The Constitutional Court granted the mother leave to appeal directly to the Constitutional Court against a judgment of the Western Cape Division of the High Court, in which the High Court held that the child’s claim against the Centre was bad in law as such a claim had been expressly rejected by the Supreme Court of Appeal in 2008. The Constitutional Court then granted the mother on behalf of her child leave to amend the claim, that is, to properly formulate the claim.

The Constitutional Court went to great lengths to explain that a claim for damages against a negligent medical practitioner may potentially be found to exist in our law in favour of a child born with disabilities which should have been detected and notified to the child’s mother. Evidence will have to be led and the High Court will have to determine whether this remedy exists in our law or whether our law of delict should be developed to recognise such a claim in the hands of H.

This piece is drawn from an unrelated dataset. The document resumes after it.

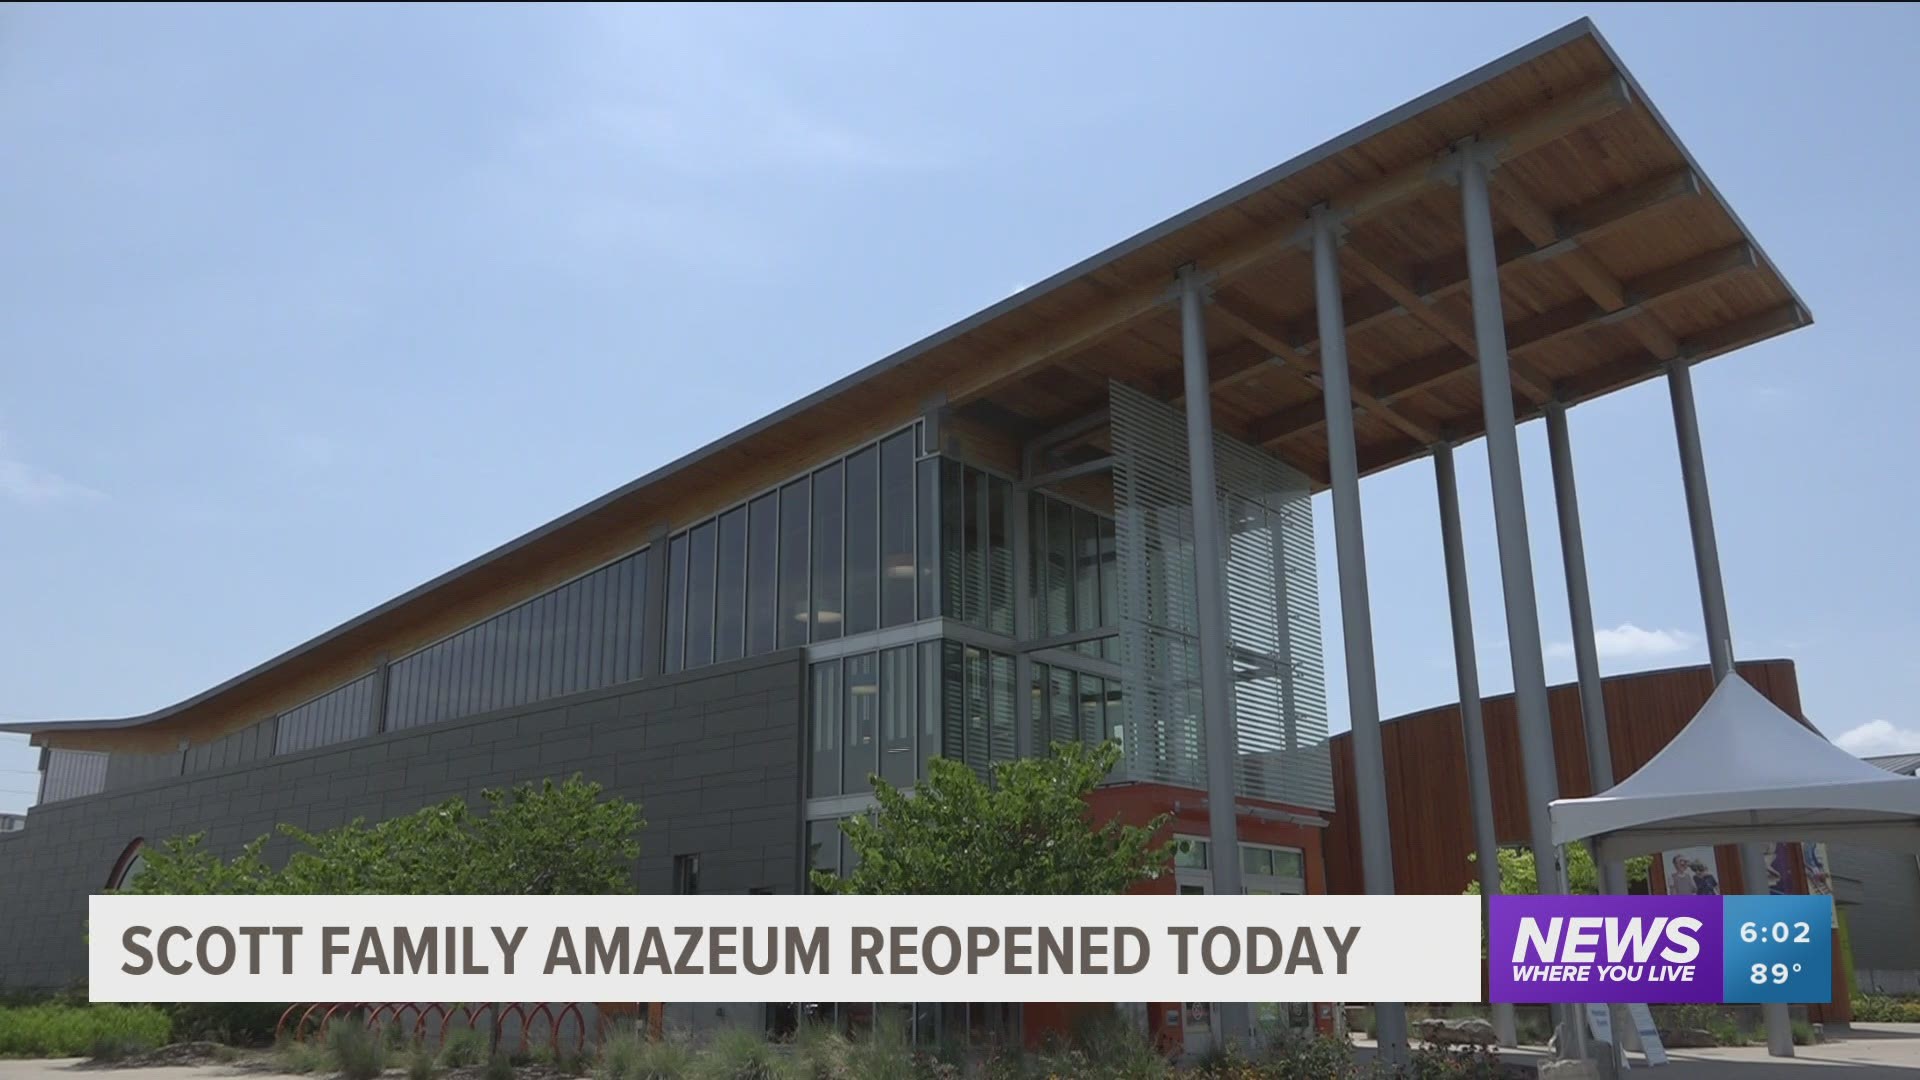 Scott Family Amazeum reopened today.

In the course of its judgment the Constitutional Court dealt with how this remedy “could” or “may” exist but pointed out that “policy considerations may then still prevent establishing legal causation, but that this is also an issue that can only properly be determined when all the facts are established at a trial”.

This caveat by the Constitutional Court is essential to the issue of whether or not our law should recognise such a remedy. The High Court will be required to determine whether our society is ready to blame and hold a doctor liable for damages suffered by a child when at the heart of the claim lies the complaint that the doctor’s conduct resulted in the birth of the child with a disability? It is trite that the doctor’s conduct did not cause the congenital defect (Down syndrome) and nothing the doctor could have done would have resulted in the child being born without Down syndrome.

It remains to be determined whether our society is ready to blame a doctor for negligence that resulted in life, albeit with a disability.